First, and this goes for data storage in general, the lifespan of an organization’s data assets can often indicate how many protocols it has jumped through, failed to jump through, or been caught up in some weird in-between state.

This is especially the case with many on-premise data solutions or even earlier implementations of cloud block storage.

History and operations can shape organizational data in a number of ways that may not be obvious at first glance. As Peter Drucker notes, you cannot underestimate how long temporary solutions simply live on by default.

It is always important to ask oneself if the decisions that shaped technology or data solutions a certain way were primarily determined by constraints or requirements that no longer remain relevant, or if there is a true ghost in the past that may emerge if you disrupt the "way things have always been done here”.

Both are possible. This requires case-by-case judgment.

Second, interest in block storage does not seem to be going away anytime soon for IT professionals. If there is one consistency we can trace in this historical thread, it is that there has up until now been an intense interest and demand in optimizing and maximizing low-level data operations using block storage. Even as other data storage technologies wax and wane, block storage has been a consistent forerunner.

We can trace this to the fundamental advantages it has offered throughout history:

• It can offer high performance on random reads/writes (e.g. OLTP databases, queues)

• Because it is not concerned with metadata, block storage can use any filesystem and offers great flexibility for formatting, encryption, and partitioning.

• VM operating systems are strongly integrated with block volumes (e.g. AWS EBS, Azure Disk) to parallel standard computing orchestration. Block storage is a universally accepted, deeply integrated method for storage that can be transferred and migrated across a huge breadth of technology solutions (in contrast to much more opinionated storage methods such as key-value stores).

Third, here are some open-ended use case questions I will leave here that cloud professional could use to judge between various block storage solutions:

• Are the workload read/writes random or sequential? Is it more read intensive or write intensive? What are the latency requirements?

• Does the workload need direct block device access (transactional databases and hypervisors do)?

• What are the consistency model and redundancy expectations?

• Is concurrent access a need for volumes, or is it acceptable for only one host to access a volume at a time?

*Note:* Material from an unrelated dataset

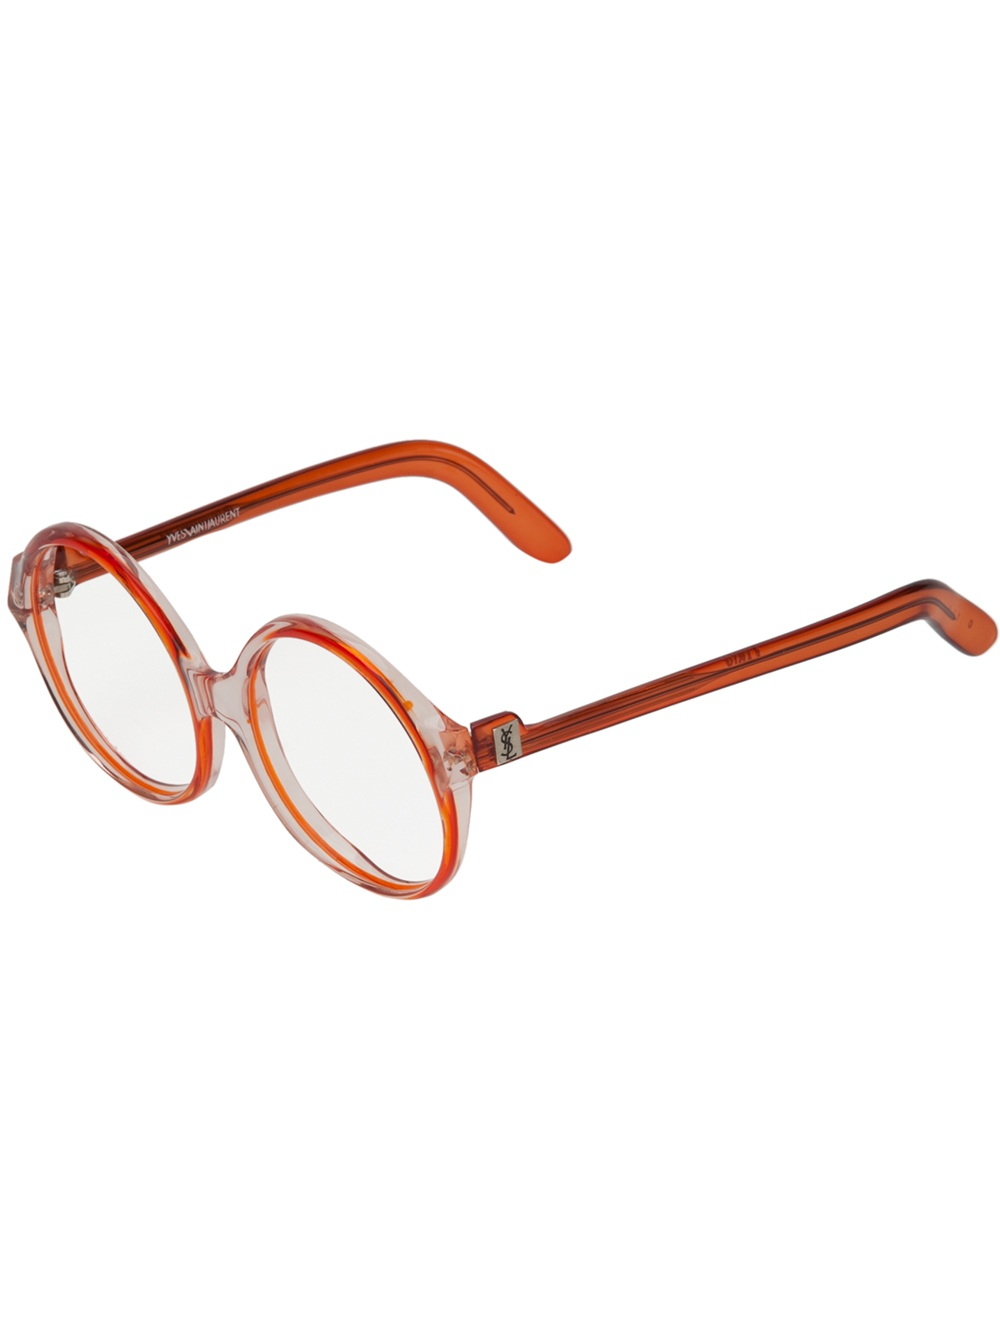 Ysl Glasses Frame : Yves Saint Laurent Vintage Oversize Round Frame Glasses in ...
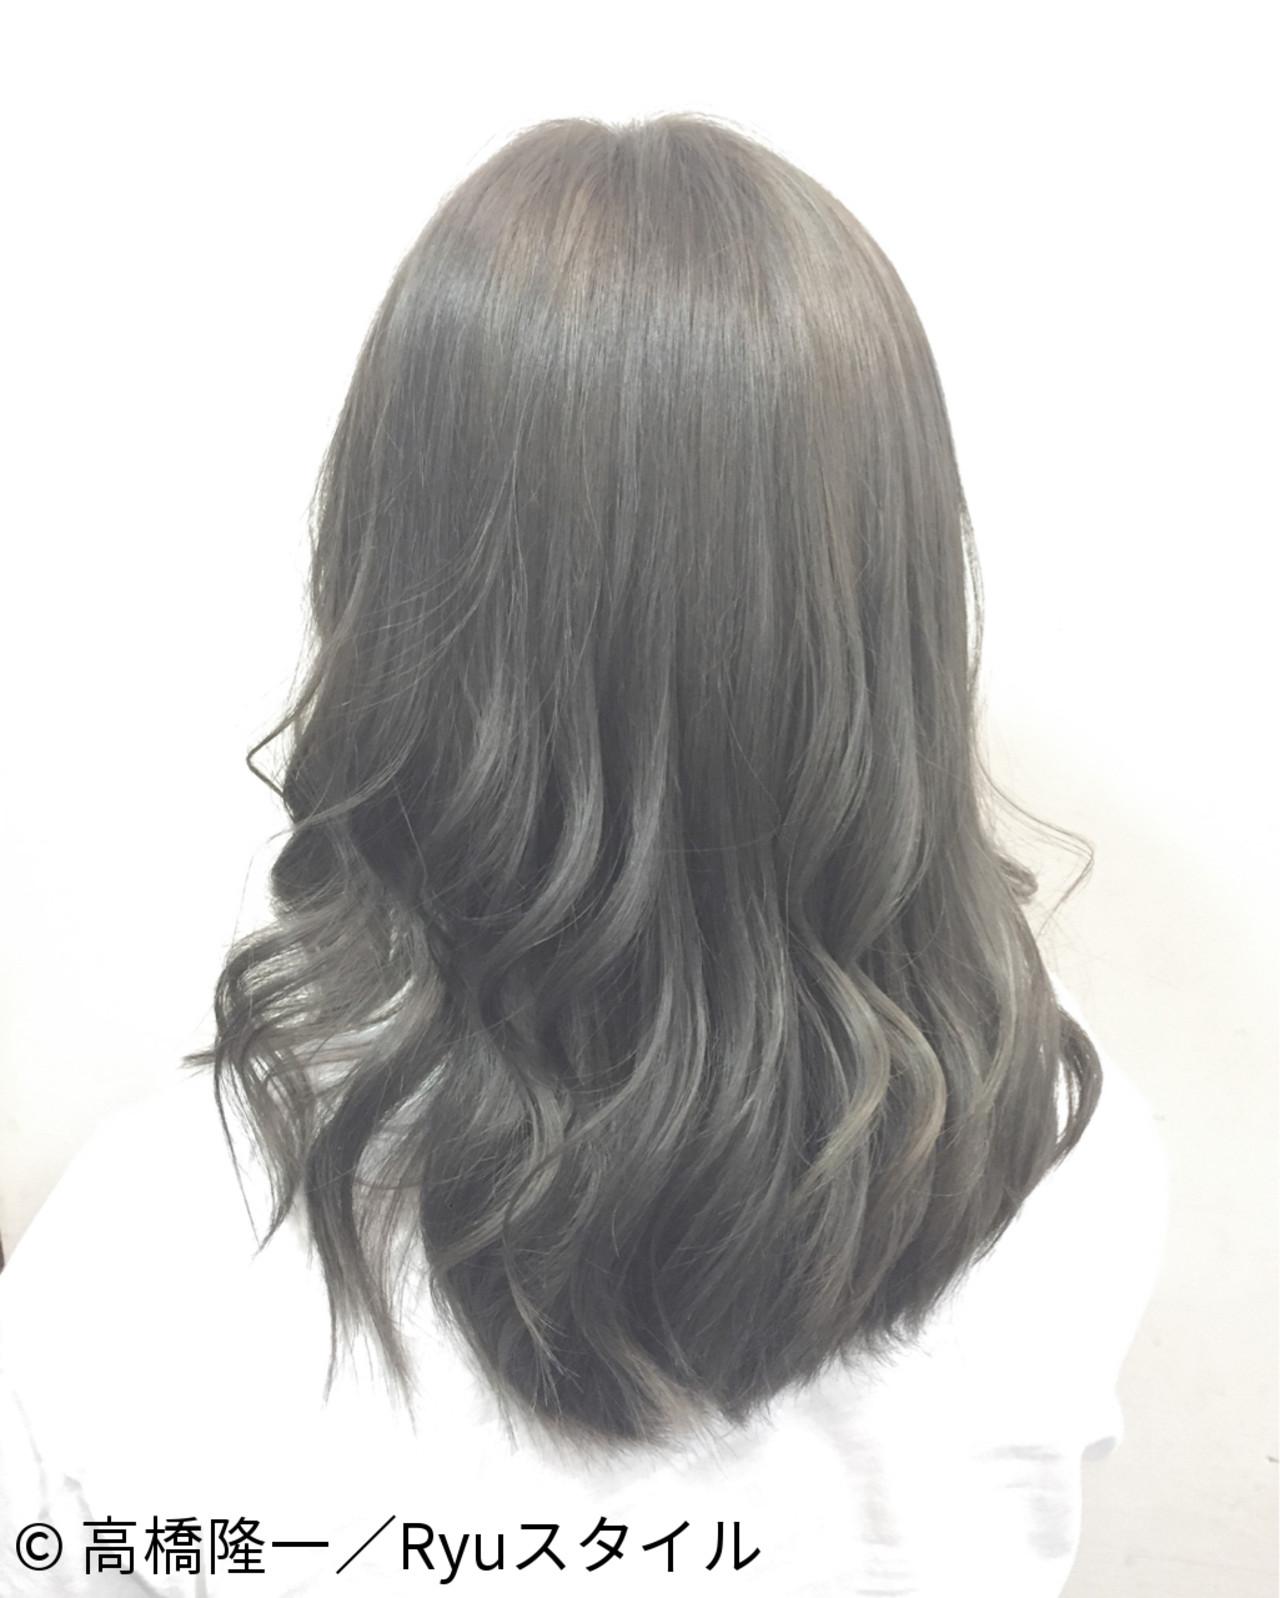 暗髪 アッシュ グラデーションカラー ミディアムヘアスタイルや髪型の写真・画像

• What are the capacity, scaling, and cost needs?

• What are the HA and Fault Tolerance requirements?

• What layers and forms of encryption are required for data at rest?

• How does it integrate with pre-existing hardware, systems, or data? How do your block storage choices align with the trajectory of organizational or industry technologies?

• What are the retention and migration SLA expectations?

• What levels of IT storage admin experience available and what maintenance overhead is acceptable or preferable for the business line?

Through all of this, it truly is a marvel that through the radical changes that have swept through computing, one thing that remains the same is that we are still reading from and writing to blocks at the end of the day.